Furthermore, all climate variables were different between upland fields and paddy fields (p < 0.05). Even if there were the same area, it is likely that the weather conditions are different depending on the topological features between upland fields and paddy fields. In general, the upland fields are distributed in hilly and slope areas, but the paddy fields are distributed on relatively low and flat land with a large water holding capacity. However, as a result of checking the plantation address, it was determined that although the upland fields and paddy fields were mainly located in plains and hills respectively, the topographical difference would not be significant because the distribution of IRG is limited to southern areas of the Korean Peninsula. Moreover, since the climate data recorded by the weather station should be the same value in the same area, it was virtually impossible for differences in topographical characteristics to be reflected in climatic variables. According to Table 1, climate differences could be explained by differences due to cultivation management related to the rice-rotation system. This is because the growing days in the paddy field are shorter than those in the upland field, in both autumn and the next spring. In general, various metabolism related to growth and differentiation depends on the activities of hormones and enzymes, which are sensitive to temperature and day length [29]. A sufficient growing period is important for winter crops to accumulate the energy needed for wintering [30]. Accumulating energy for this purpose in the upland field would be easy, whereas, a lack of growing period under the rice-rotation system in the paddy field would lead to adverse survival in winter and inadequate growth in the spring. From these hypotheses, growing days, temperature and precipitation were used to track the flow and make a comparison by multi-group SEM between upland fields and paddy fields.

3.2. The Differences of Causality for Climatic Factors between Upland and Paddy Fields

In the natural eco-system, all climatic variables are not independent, which complicates the causality; therefore, it was necessary to reduce the commonality of similar variables by factor analysis (Table 2). Regardless of the field type, four components were extracted from eight climatic variables (|loading score| > 0.7). These components are: spring temperature, autumn temperature, autumn precipitation, and spring precipitation factors, respectively. The relationship between SPA and the fourth factor in the paddy fields was weak (|coefficient| < 0.7), which lowered the commonality for the spring precipitation factor. The accumulated loadings (%) in the upland fields and paddy fields were 77.18 and 79.83 respectively, which indicates information loss of around 20%; therefore, these factors had obvious seasonality and climatic features.
The structure contains climatic factors, and the yield was set as in Figure 1. There were: seasonal effects between autumn and the next spring (green-colored paths), precipitation affecting yield through temperature in both autumn and next spring seasons (blue-colored paths), and all climatic factors directly affecting the yield factor (red-colored paths). The climate variables were set by longitudinal form in SEM because they were calculated by the same method at different seasons. Thus, the residual terms in measurement part (δ) were paired based on the season and variables, respectively. The D matrix in Equation (1) indicates the interaction between residual terms, for example, D 17 was interaction between δ 1 and δ 7 . These interactions help to precisely estimate the coefficient of seasonal effects (green colored paths) by reflecting the longitudinal structure. Although autumn and the next spring are not continuous seasons, winter is not a growing season for winter crops, therefore, the seasonal effect was given only between growing seasons in this study. Hence, it was hypothesized that if the autumn growing period was long enough, autumn growth and development would lead to yield through growth and development in the next spring, else if, yield would depend largely on spring growth and development.
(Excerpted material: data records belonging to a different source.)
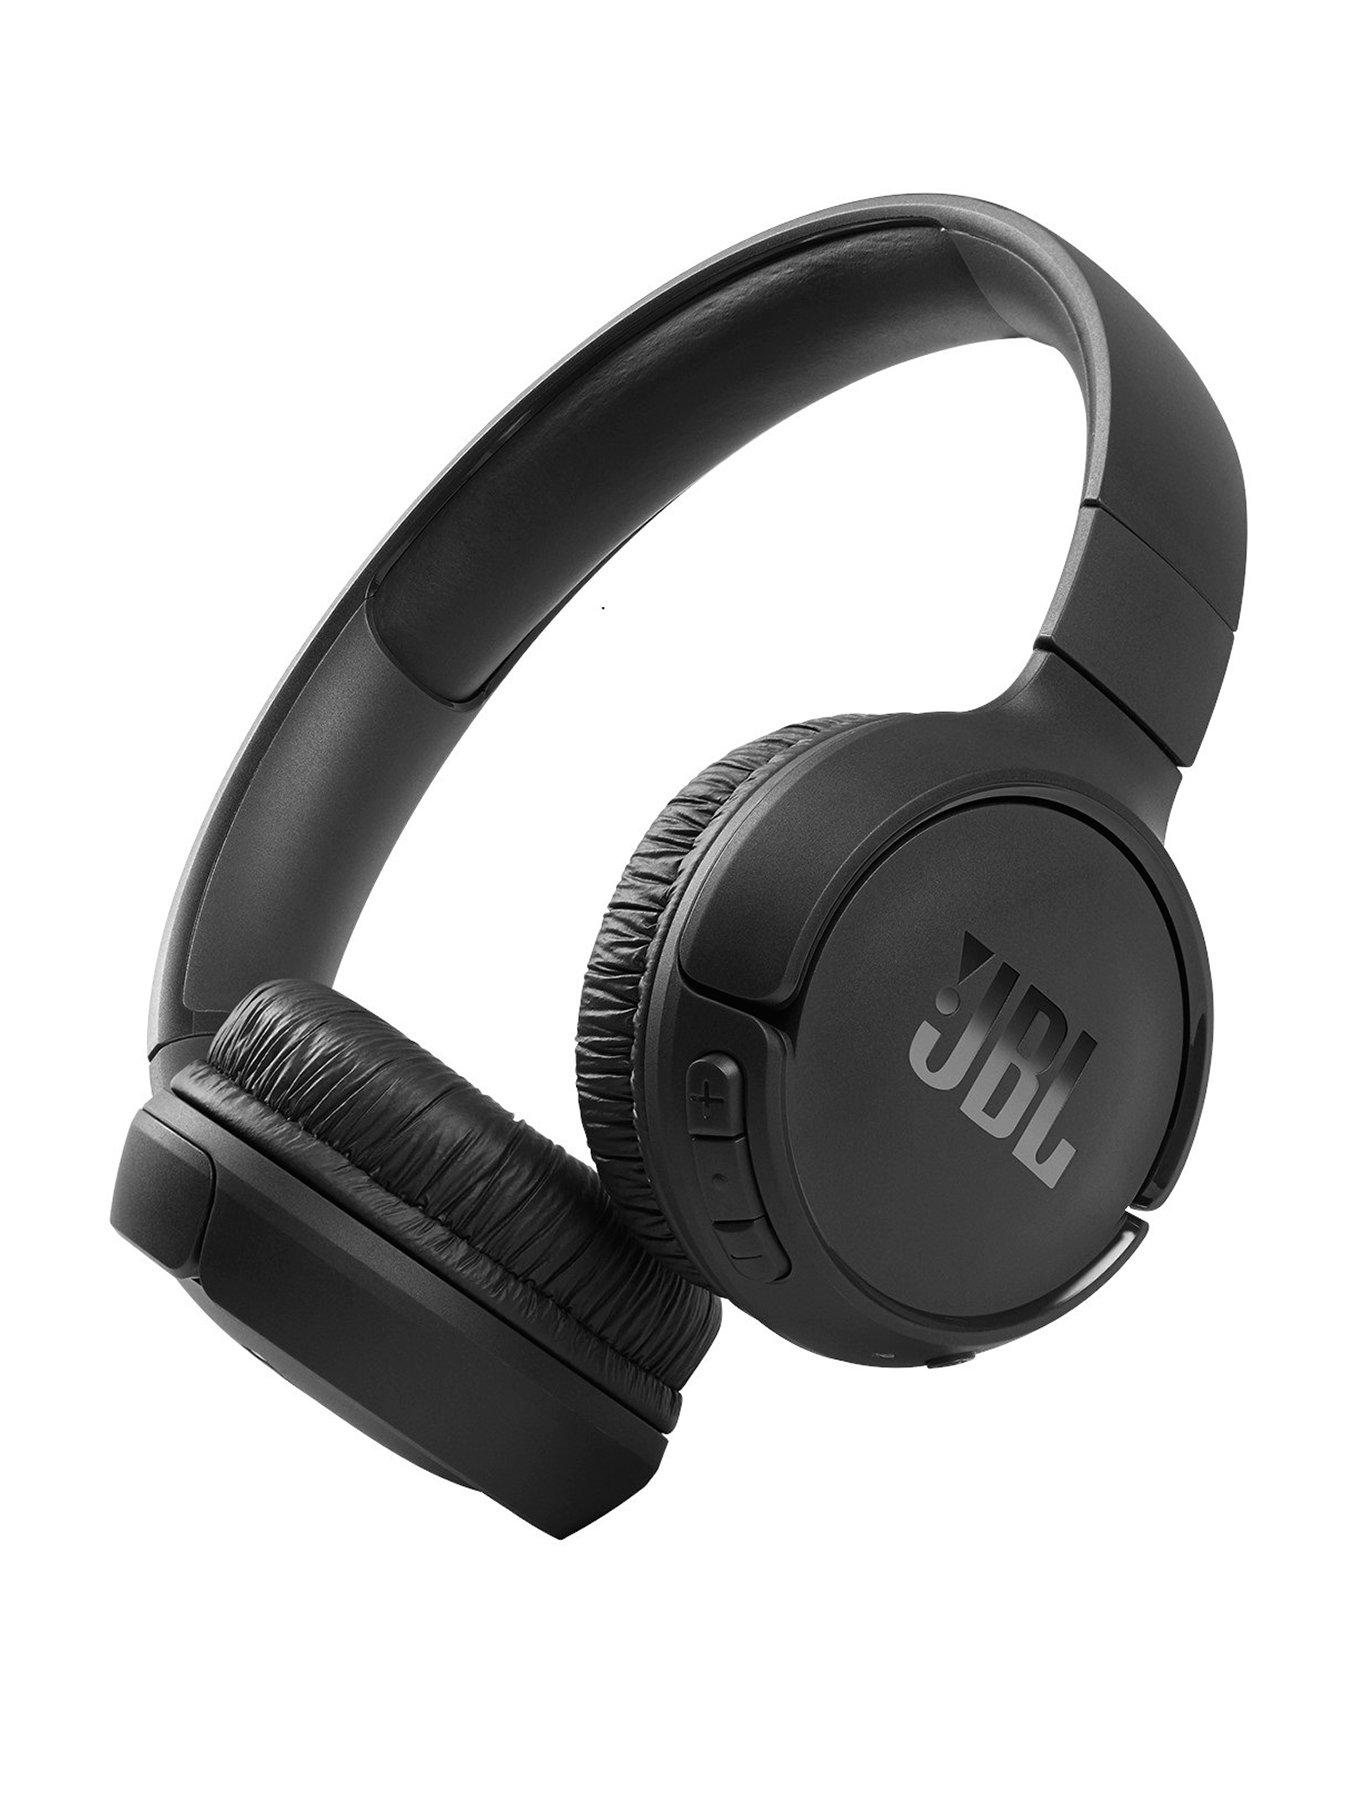 Jbl | Headphones | Ireland Electricals Very 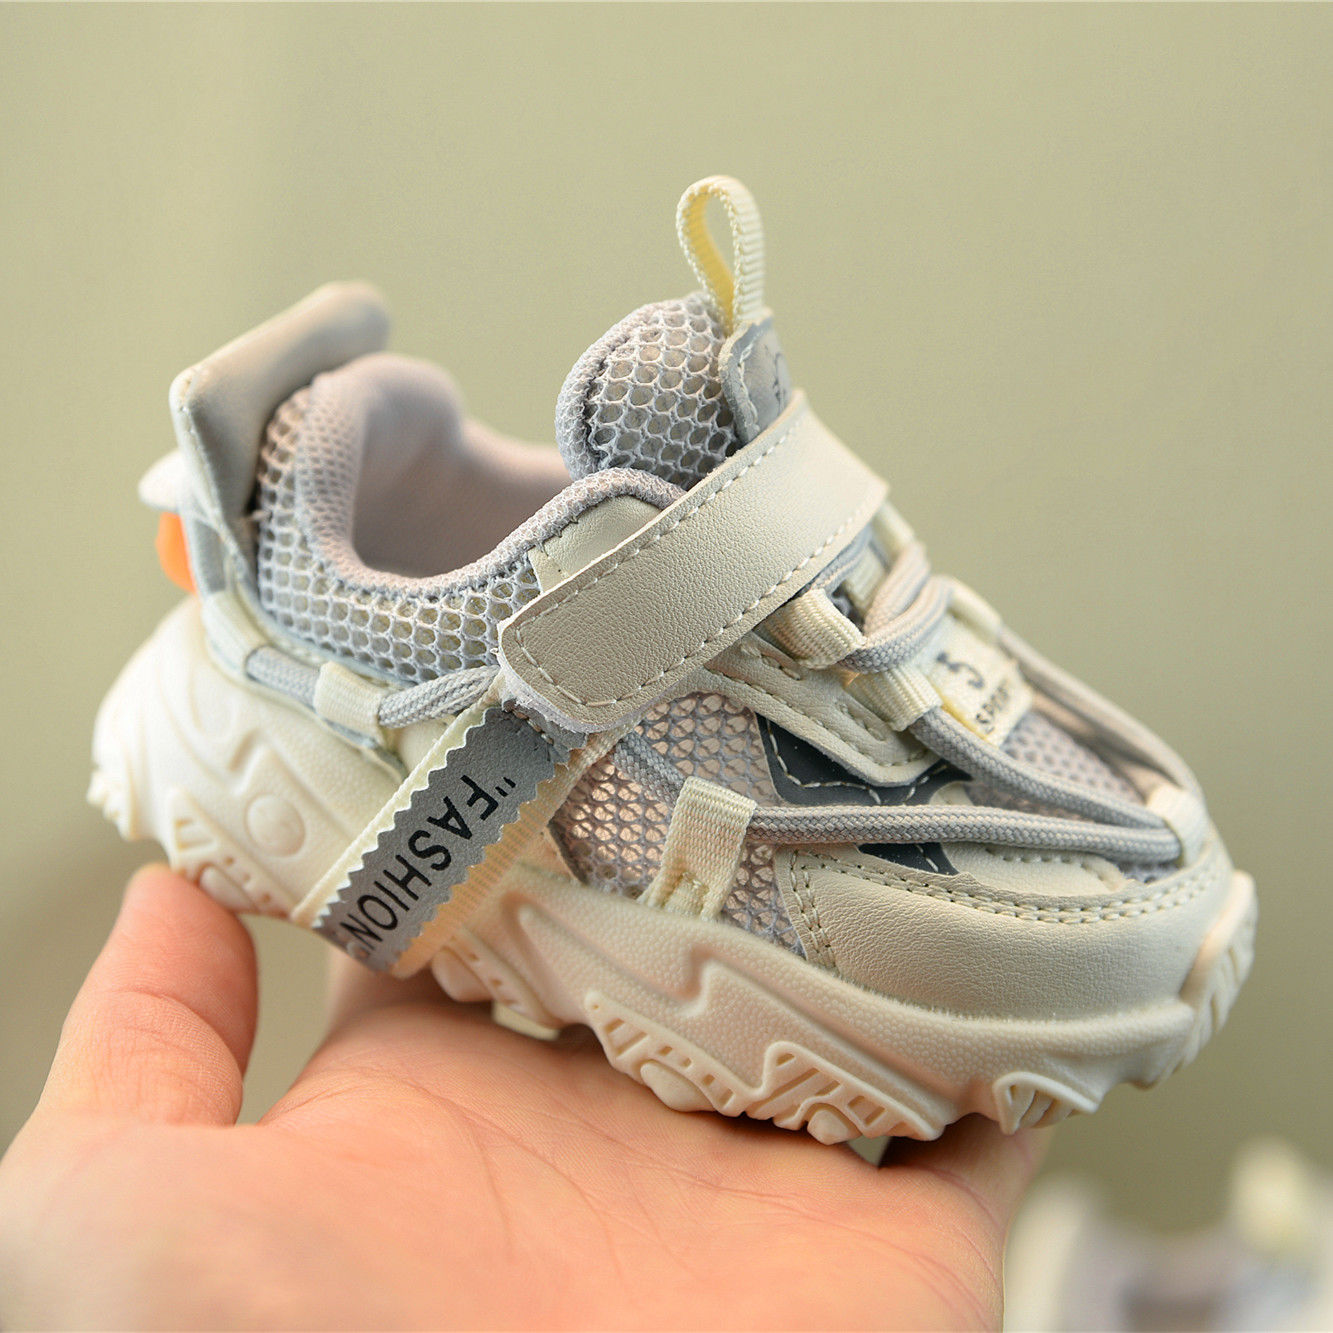 夏季宝宝鞋子软底运动网鞋男女童1一3岁休闲婴儿学步鞋小童防滑潮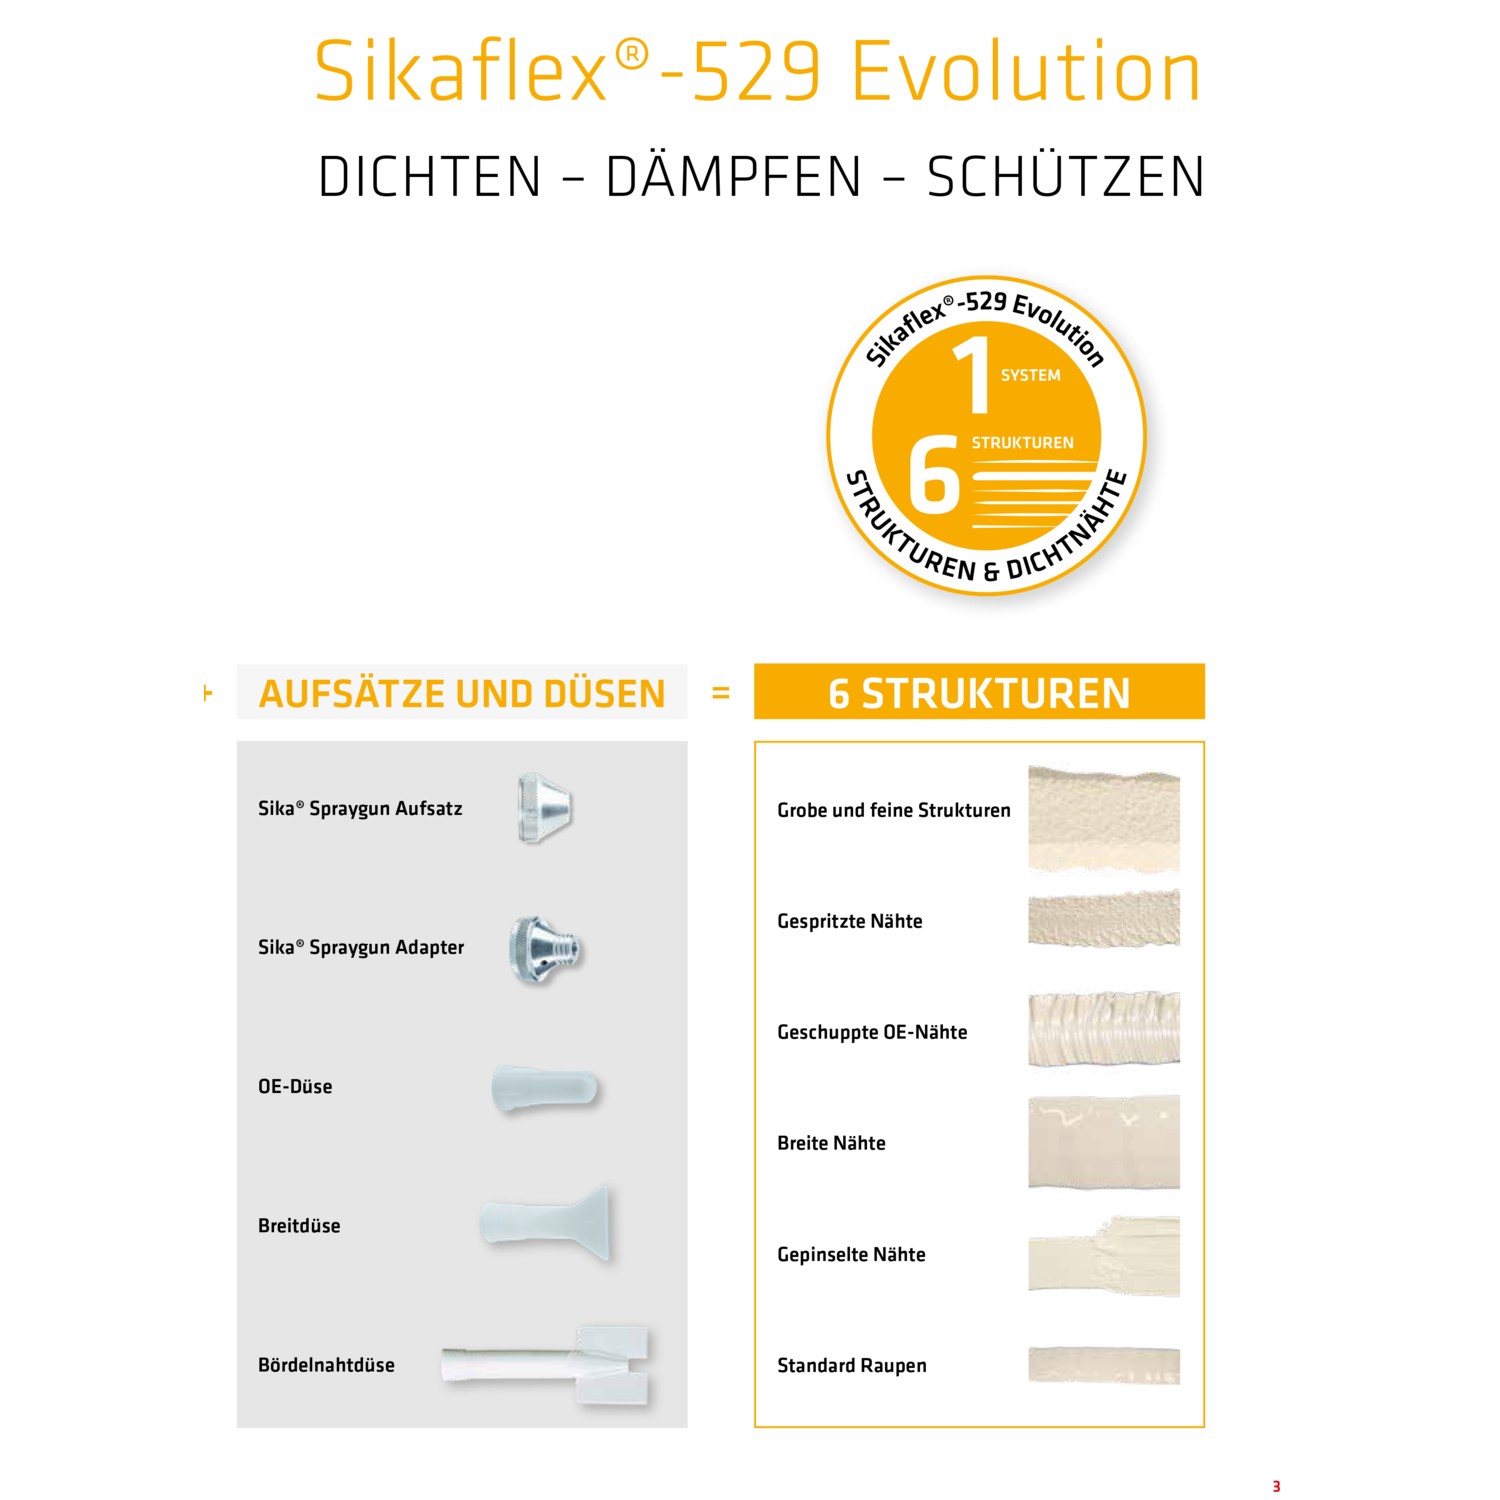 Sikaflex-529 Evolution schwarz Kartusche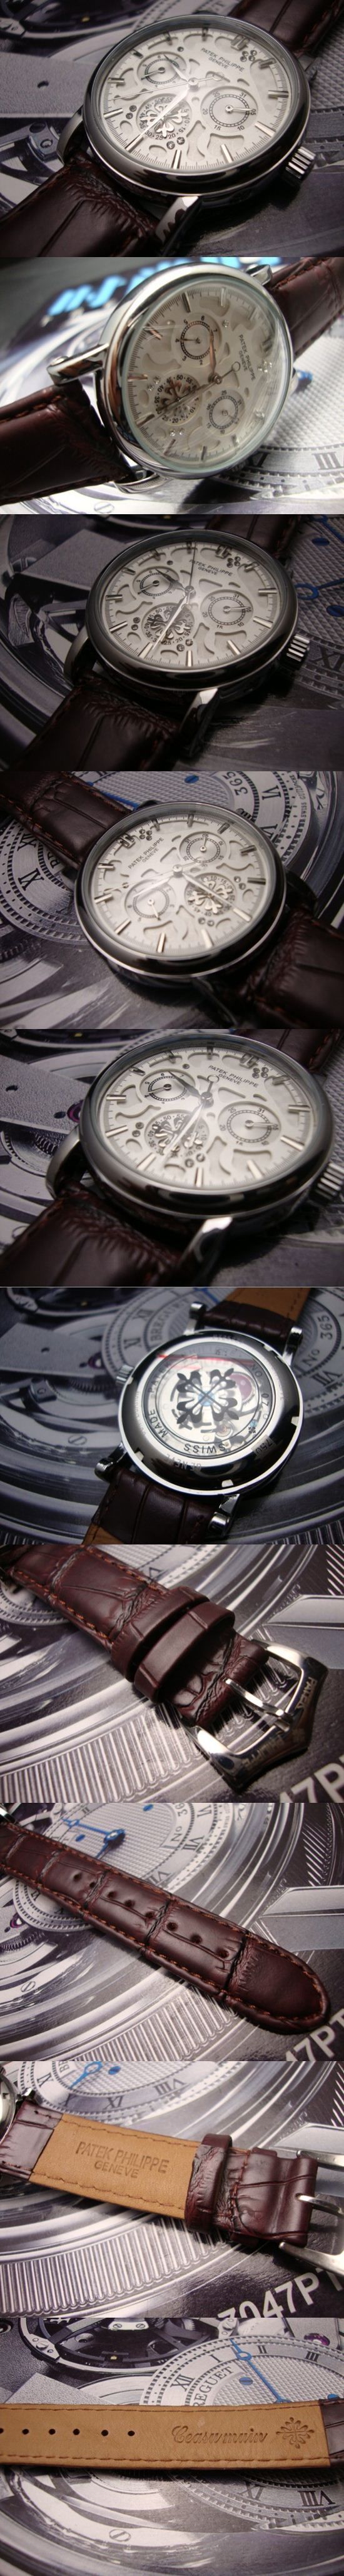 おしゃれなブランド時計がPATEK PHILIPPE-パテック フィリップ腕時計 パテック フィリップ 男/女腕時計 PATEK-PHILIPPE-N-002A を提供します.

The direction of the arrow between temperature and precipitation within seasons (blue colored paths) was determined to take into account the precipitation mechanism. As a rule, the mechanism in the order of temperature increase, water evaporation from the atmosphere and surface, moisture condensation in the atmosphere, and precipitation does not occur in a short time [31]. In particular, the growing season of winter crops in Korea is not as high in atmosphere and surface temperature as in summer, so the mechanism from temperature to precipitation occurrence will take a longer time. In contrast, a physical rationale of the relationship from precipitation to temperature is that precipitation may lead to soil moisture which may, in turn, affect temperature by controlling the partitioning between the sensible and latent heat fluxes [32], and it will happen in a relatively short time. Therefore, we judged that the direction from precipitation to temperature was appropriate.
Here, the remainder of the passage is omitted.